The historical truth is that fresh faces in the Oval Office might be exciting, but they come with risks. Within three months of taking office, the relatively inexperienced John F. Kennedy, widely adored for his looks, charm, and eloquence, landed up in the disastrous Bay of Pigs invasion of Cuba.
George W. Bush, the son of a president and two-term governor of Texas, was probably the most experienced of recent incoming White House occupants. Nonetheless, he presided over two avoidable calamities early on: the terrorist attacks of September 11, 2001 (numerous warnings and clues went unheeded), and the invasion of Iraq (which, like Lyndon Johnson’s Vietnam War, was based publicly on a lie).
Presidents Jimmy Carter and Bill Clinton, both former southern governors, were smart men with limited Washington experience. They, too, stumbled early on. And Obama had served for only three years in the US Senate before being elected; he neither enjoyed dealing with Congress nor had much of a feel for it.

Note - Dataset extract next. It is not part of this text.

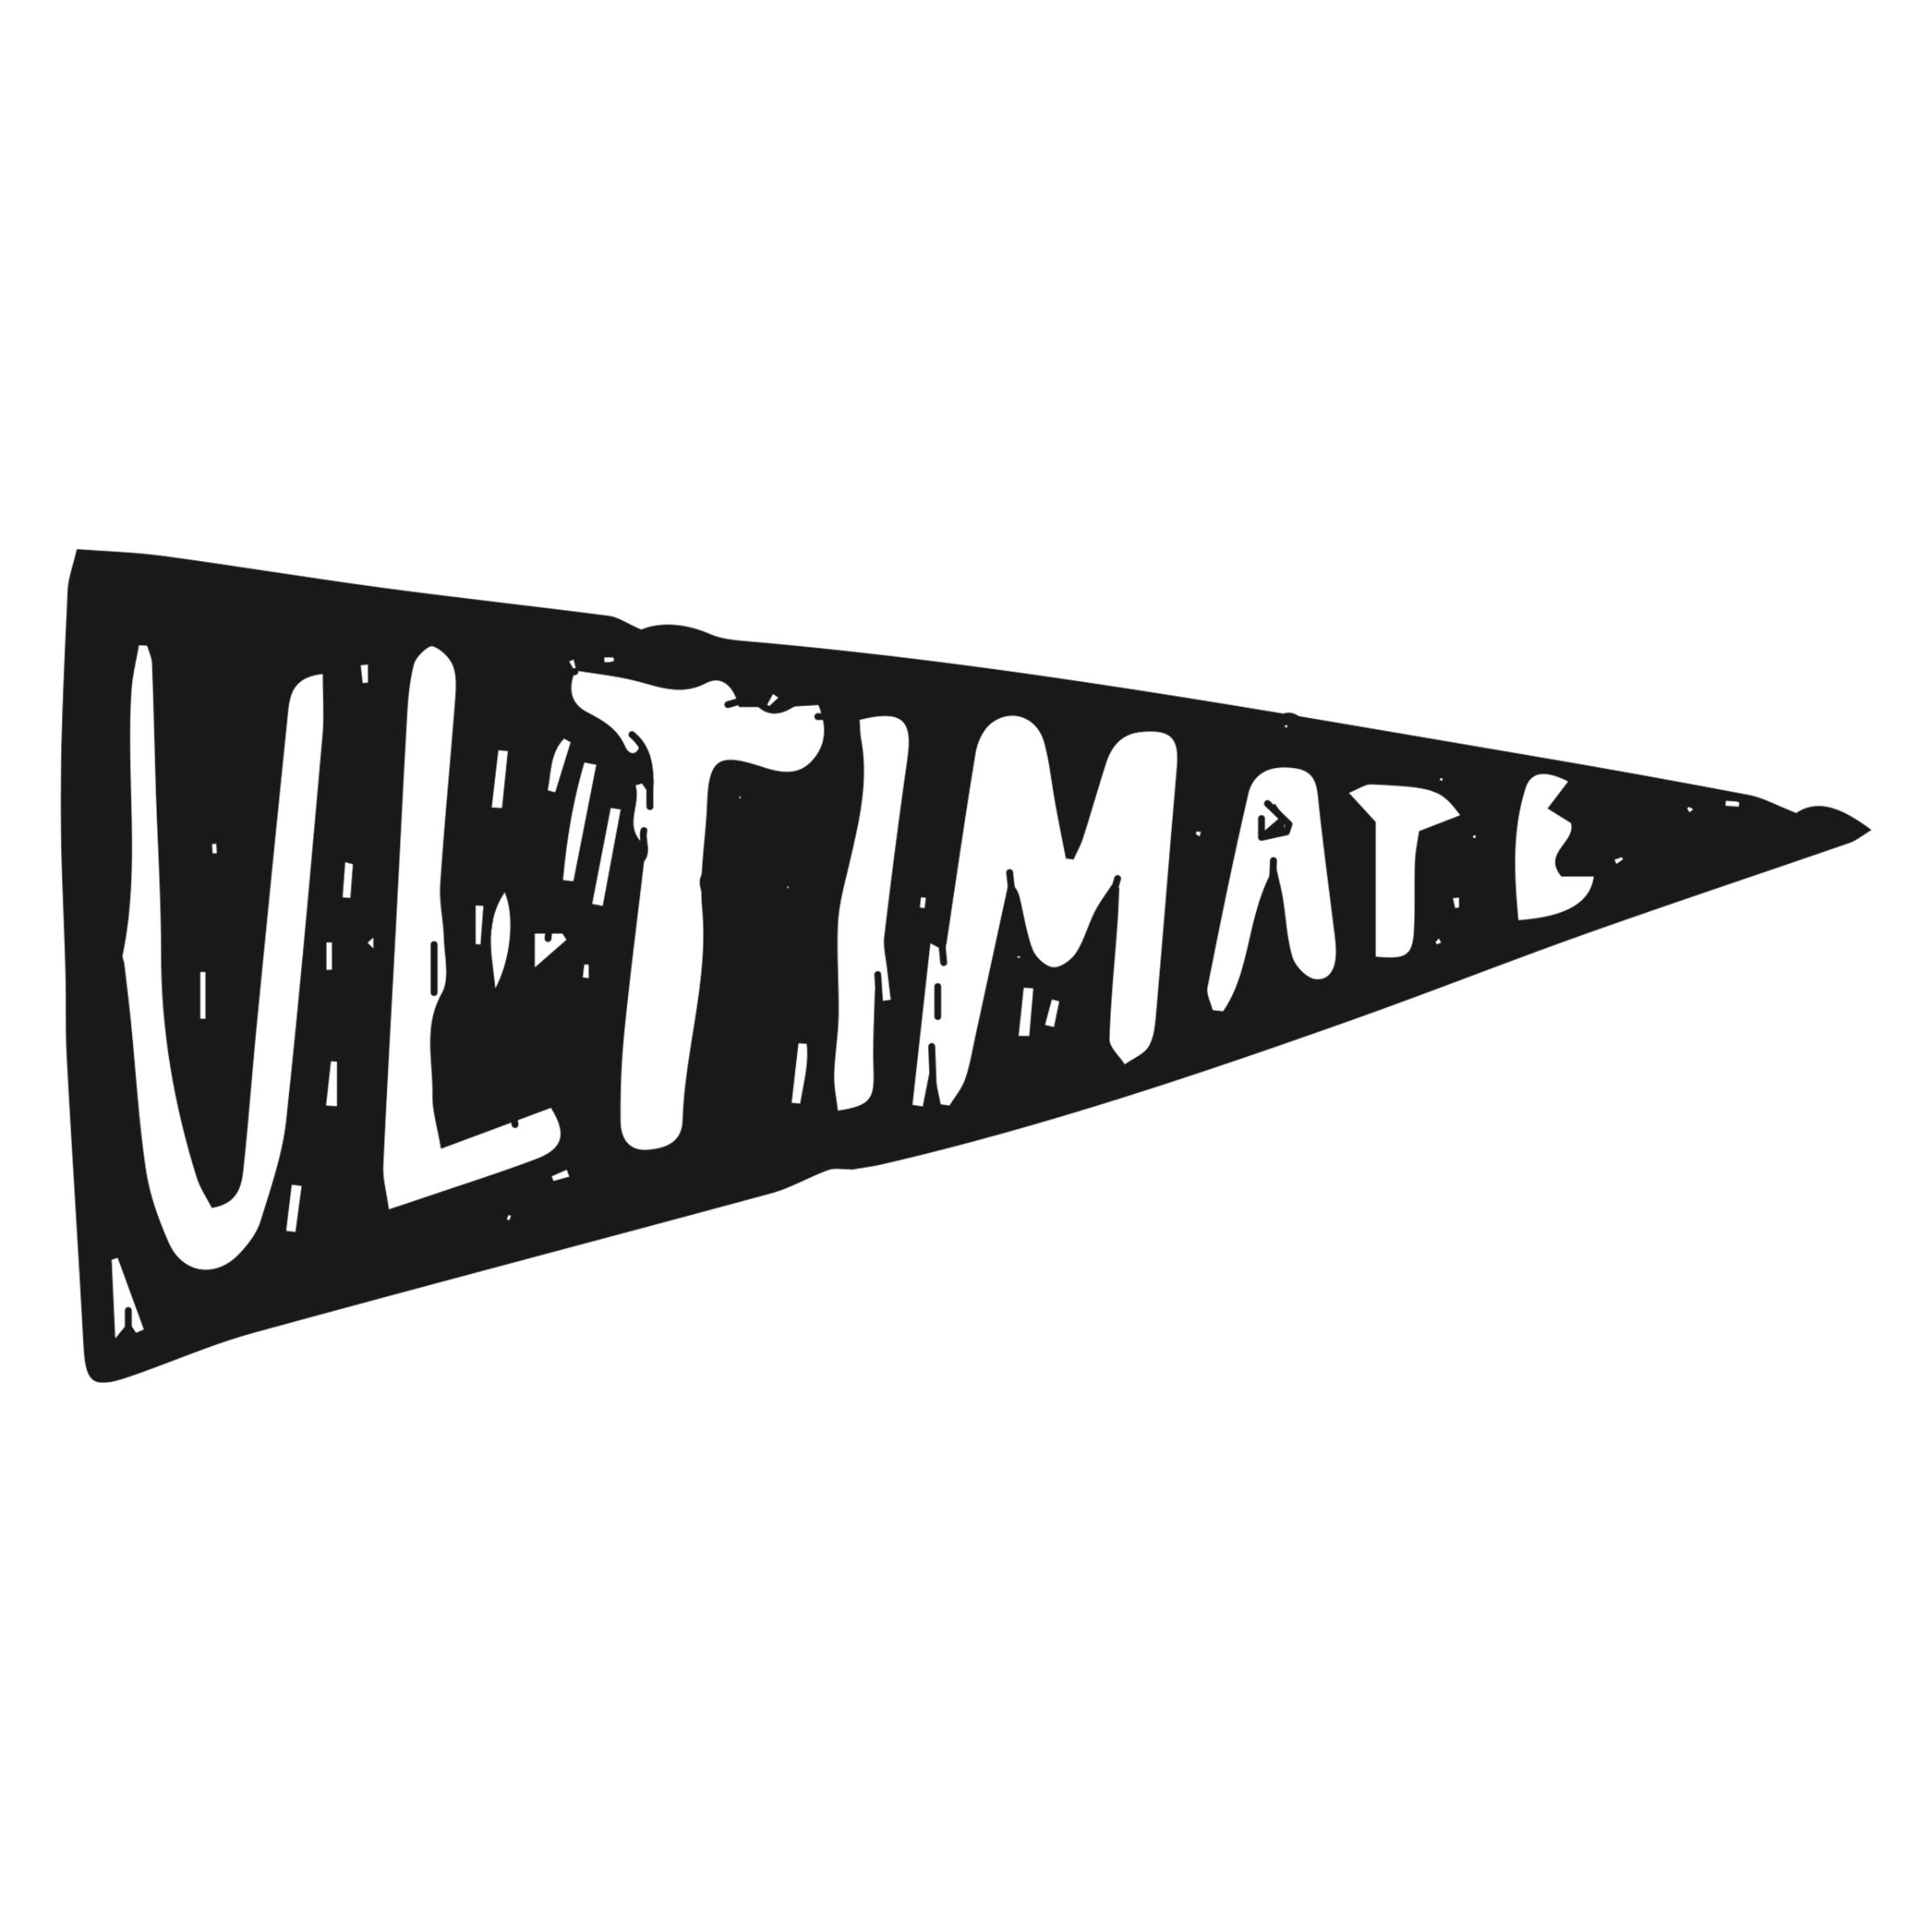 Ultimate Pennant

Biden’s relationship with Obama and his legacy are more complicated than appearances suggest. Whereas Obama frustrated many Capitol Hill Democrats with his innate caution and readiness to compromise with Republicans (liberal Democrats referred to him privately as “Mr. 50-yard line”), Biden deliberately describes his own proposals as “bold.” His immigration proposals contradict Obama’s policy of pursuing substantial deportations of illegal immigrants. The message seems to be that Biden will no longer dwell in Obama’s shadow.

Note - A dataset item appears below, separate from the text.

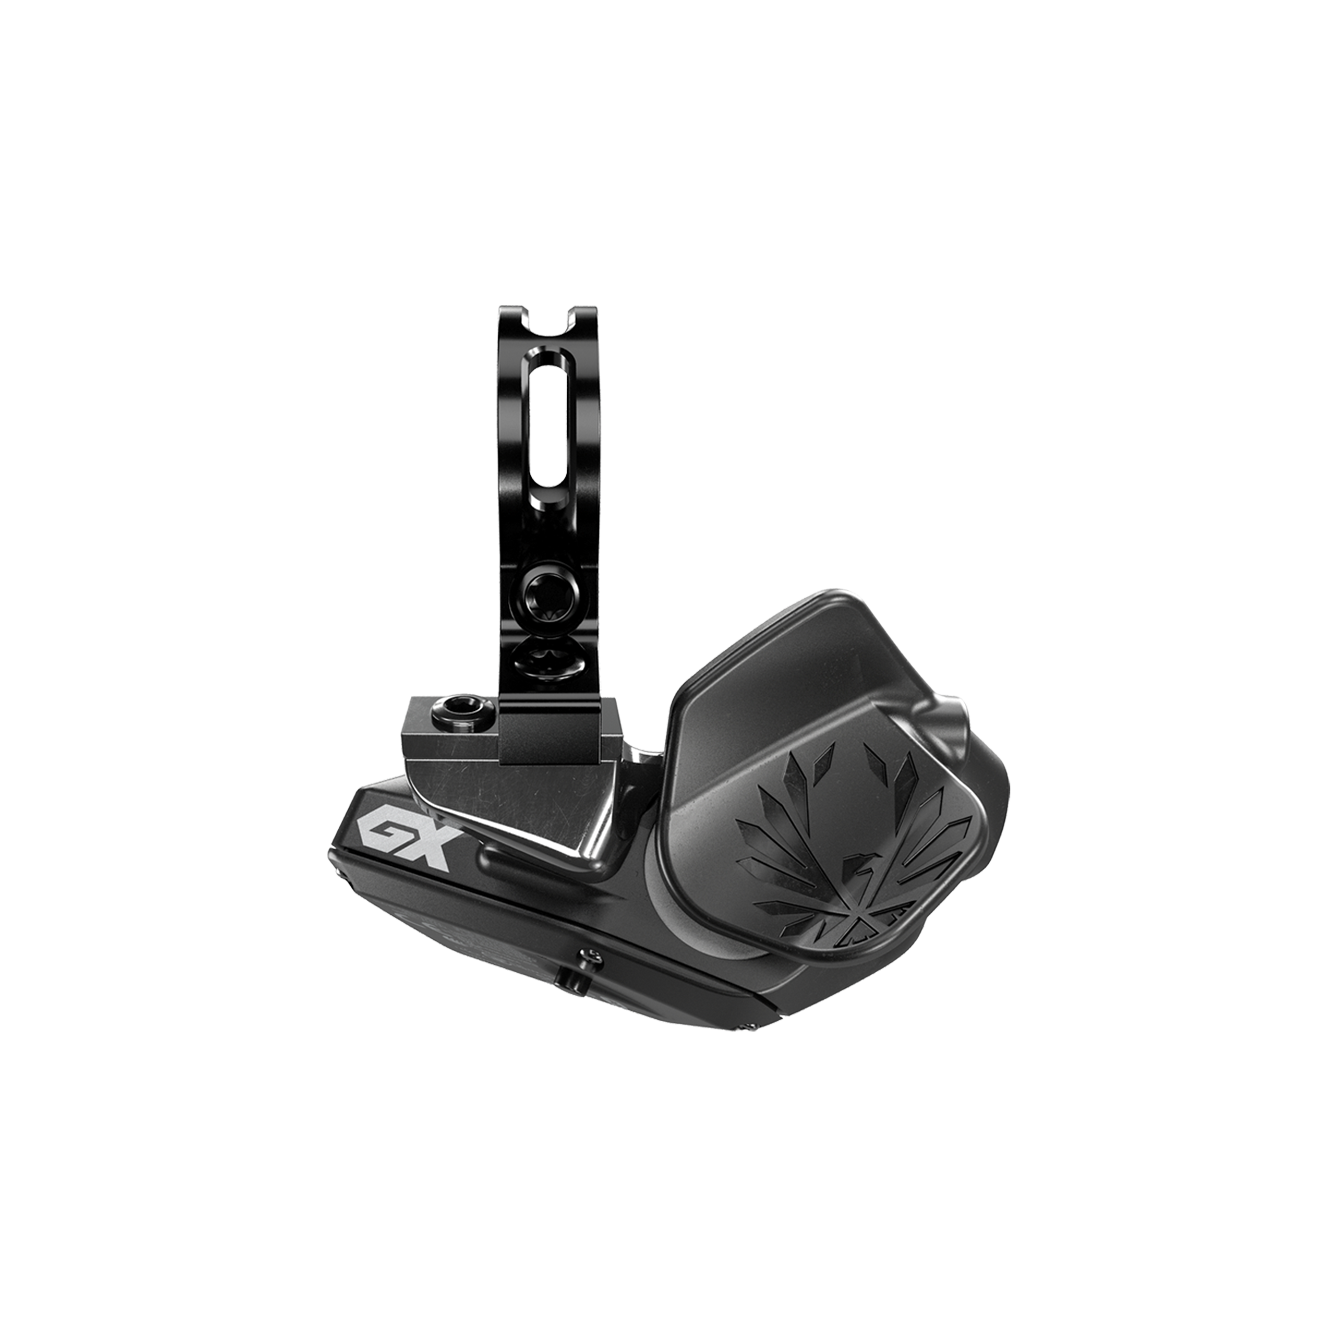 SRAM GX Eagle AXS Two Button Right Hand Shift Lever-1

After serving four decades in the Senate before becoming vice president, Biden has a feel for Congress unmatched since Johnson. Still, it won’t be long before we know if all of his talk about working with the Republicans is based on nostalgic naivete or is a clever way of setting up Republicans for obloquy if they try to obstruct his proposals.
And obstruction seems likely. McConnell may have seen eventually that Trump’s denial of losing the election wasn’t doing the Republican party any good, but that doesn’t mean he’s become a less fierce partisan.
Biden is also playing a sophisticated game with his party’s left. He managed to form a government without giving jobs to Senators Elizabeth Warren or Bernie Sanders, both of whom sought to join his cabinet. Sanders’s followers even threatened Biden if he didn’t give the Vermont senator the job he wanted. Biden has explained his actions away by noting – conveniently but not unreasonably – that the Democrats’ margins in Congress are too slim to risk a single open seat, although he did select three House members from relatively safe Democratic districts for top jobs.
Sanders didn’t take long before carping at Biden’s policy proposals. But that’s part of the show. Alexandria Ocasio-Cortez and her “squad” could also keep up pressure from the left, while Joe Manchin of West Virginia, a state which went heavily for Trump in 2020, poses a problem from Biden’s right. In a 50-50 Senate, with Vice President Kamala Harris breaking any tie, every vote counts. Still, Biden has adopted much of the left’s agenda, and will try to sell these policies from the center, his political home.
One sign of this change is that, unlike all recent Democratic administrations, Biden’s hasn’t paid obeisance to Wall Street by giving bankers top jobs. The new Secretary of the Treasury, Janet Yellen, is a former Federal Reserve chair and academic who has made it clear that she understands the country’s pressing social needs. Moreover, Biden consulted Warren on her economic views, and has named a former Warren adviser as Yellen’s deputy. Yellen’s appointment demonstrates that Biden shares the insight that enabled Trump’s rise: that too many Americans feel that they cannot get a fair shake.
Following the Götterdämmerung of Trump’s presidency, it seemed a foregone conclusion that Biden’s term would be dull. But Biden is coming off tougher and more imaginative than people thought he would be. So far – and to be sure it is early – Biden’s presidency is turning out to be more interesting and surprising than expected.
*The writer is a Washington-based journalist author.